‘The Gates’ Movie Review: Not-Bad Thriller Allows James Van Der Beek To Go Bad

Photo from Lionsgate

From Jeremy Kibler

Thrillers that take on race relations can be provocative or obvious, or sometimes both. The Gates is both, and it’s arguably a horror movie, albeit one that exists more in the “it could happen” realm. It’s playing less in the Get Out sandbox and more reminiscent of Judgment Night, that decent 1993 wrong-turn thriller co-starring the father of Mason Gooding (who stars here). As generally predictable as this narrative of systemic racism goes, director John Burr’s real-world social thriller is solidly tense and compact with the highlight being James Van Der Beek’s last on-screen performance. 

Mason Gooding valiantly leads the way as Derek, a bougie LSAT-prepping law student who has a good head on his shoulders and always does the right thing. He makes the mistake of taking a break from studying to go party with longtime friend Tyon (Keith Powers), a football star benched from a knee injury, and Kevin (Algee Smith), a hotheaded car salesman who likes to pick a fight with Derek. Once the guys avoid gridlocked traffic and take a shortcut—big mistake!—they end up inside a gated residential community and witness a white woman’s murder. Of course, the white perpetrator locks eyes with them, and he is megachurch pastor Jacob (James Van Der Beek), the man who has built this predominantly white Texan community from the ground up. Who’s going to believe three young Black men?

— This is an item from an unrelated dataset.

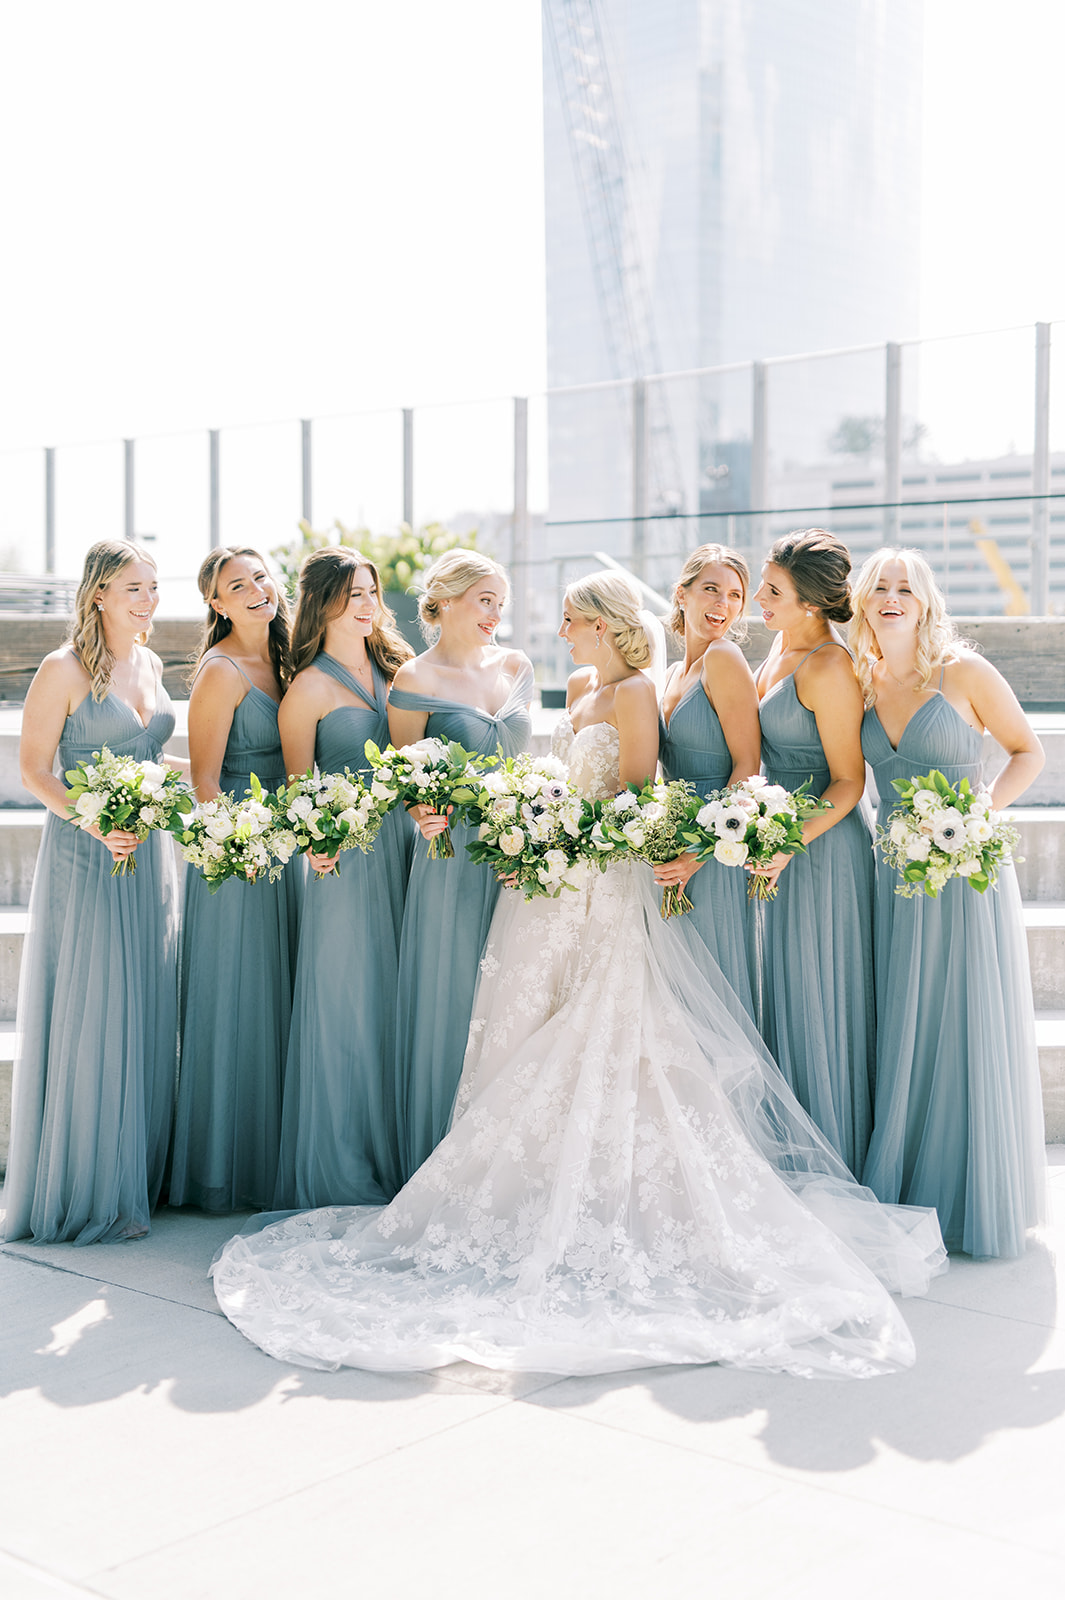 bridesmaids huddle and laugh in pale blue dresses for Secret Urban Garden Wedding at Philadelphia’s Fitler Club

Director Burr creates a sense of portent from the onset and keeps the prejudice-focused tension steady. Burr’s script efficiently establishes the dynamic between these three young men, as well as the world they’re living in when it comes to being a person of color. Of the young actors, the always-charismatic Mason Gooding is the film’s rock, smart and sympathetic, while Keith Powers and Algee Smith each have a watchable, more live-wire presence. 

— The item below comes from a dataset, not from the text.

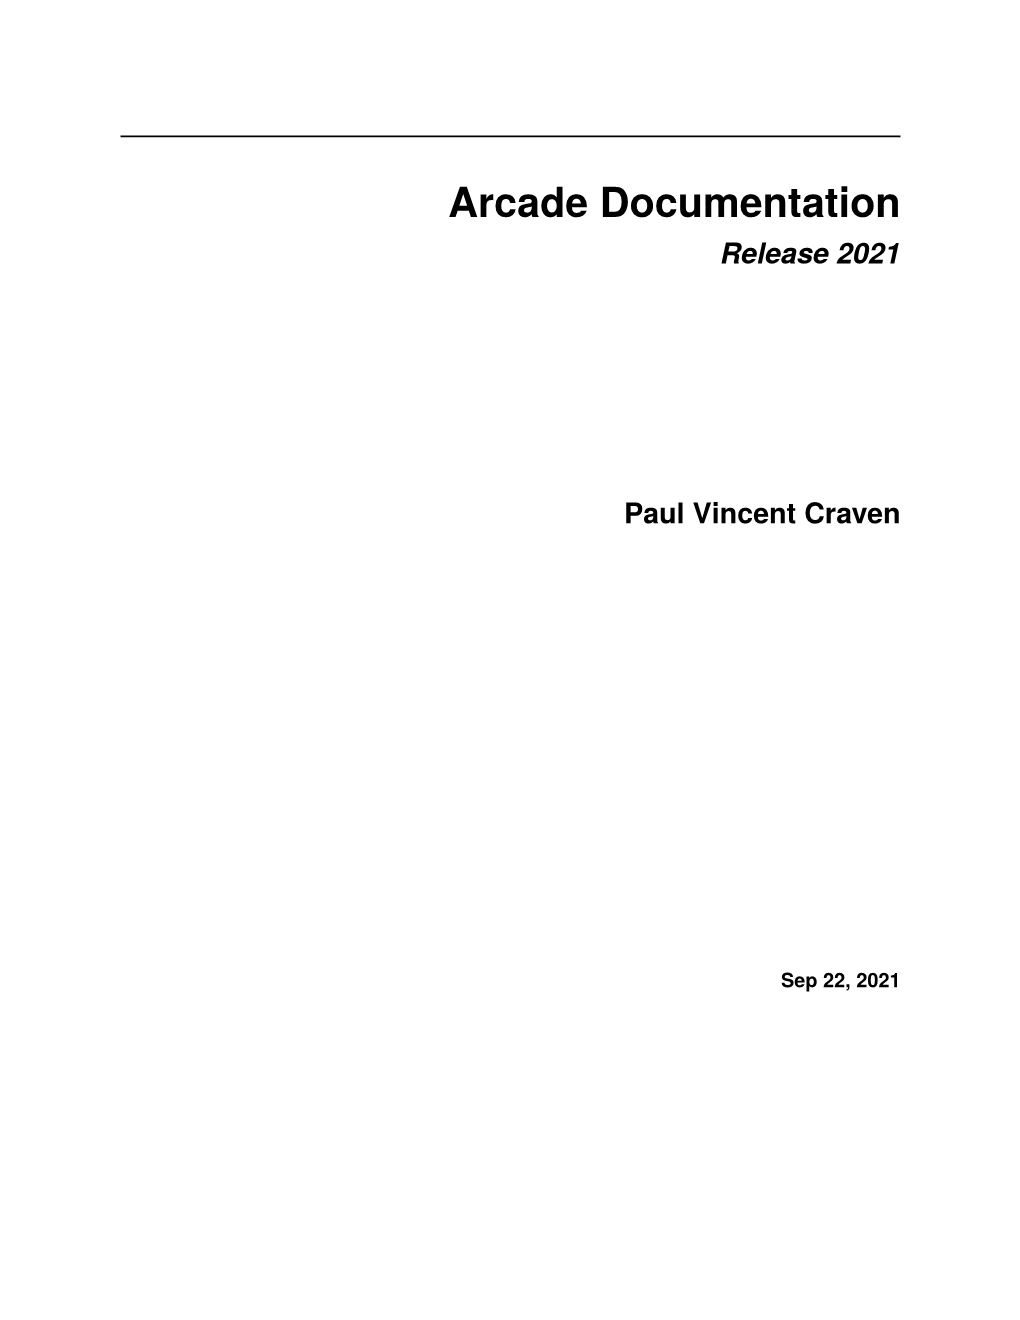 Arcade Documentation Release 2021

A dumb genre stand-by gets multiplied by having one character lose their phone when running, another leaving their phone in the car, and another having their phone die on them. A mid-film detour where two of the protagonists find possible solace at a house party takes a turn that’s a little unexpected involving a recording studio, but it also comes out of a different movie, tonally. Even Roxy (Sofia Hublitz), a fellow outsider who finds herself invited by a rich white guy to the party under false pretenses, doesn’t really figure into the proceedings in a satisfying way, so why introduce her at all? 

This also notably marks the final work of James Van Der Beek. In a rare villainous role as an alleged man of God who is anything but, Van Der Beek clearly relishes mixing up his clean-cut boy-next-door image, as he did in The Rules of Attraction and ABC’s underrated sitcom Don’t Trust the B----in Apartment 23. It’s a little tragic to see the late actor playing someone you truly despise, but Van Der Beek effectively infuses menace and danger into his wolf-in-sheep-clothing Pastor Jacob. Some of the other actors are hemmed in to play the pastor’s blind followers, although Brad Leland packs a little more nuance as an alcoholic old man.

The Gates is a pretty standard thriller, but it still manages to hold one in its simple, yet scarily still-relevant, grip. 

Rating: 3/5

The Gates is currently in select theaters.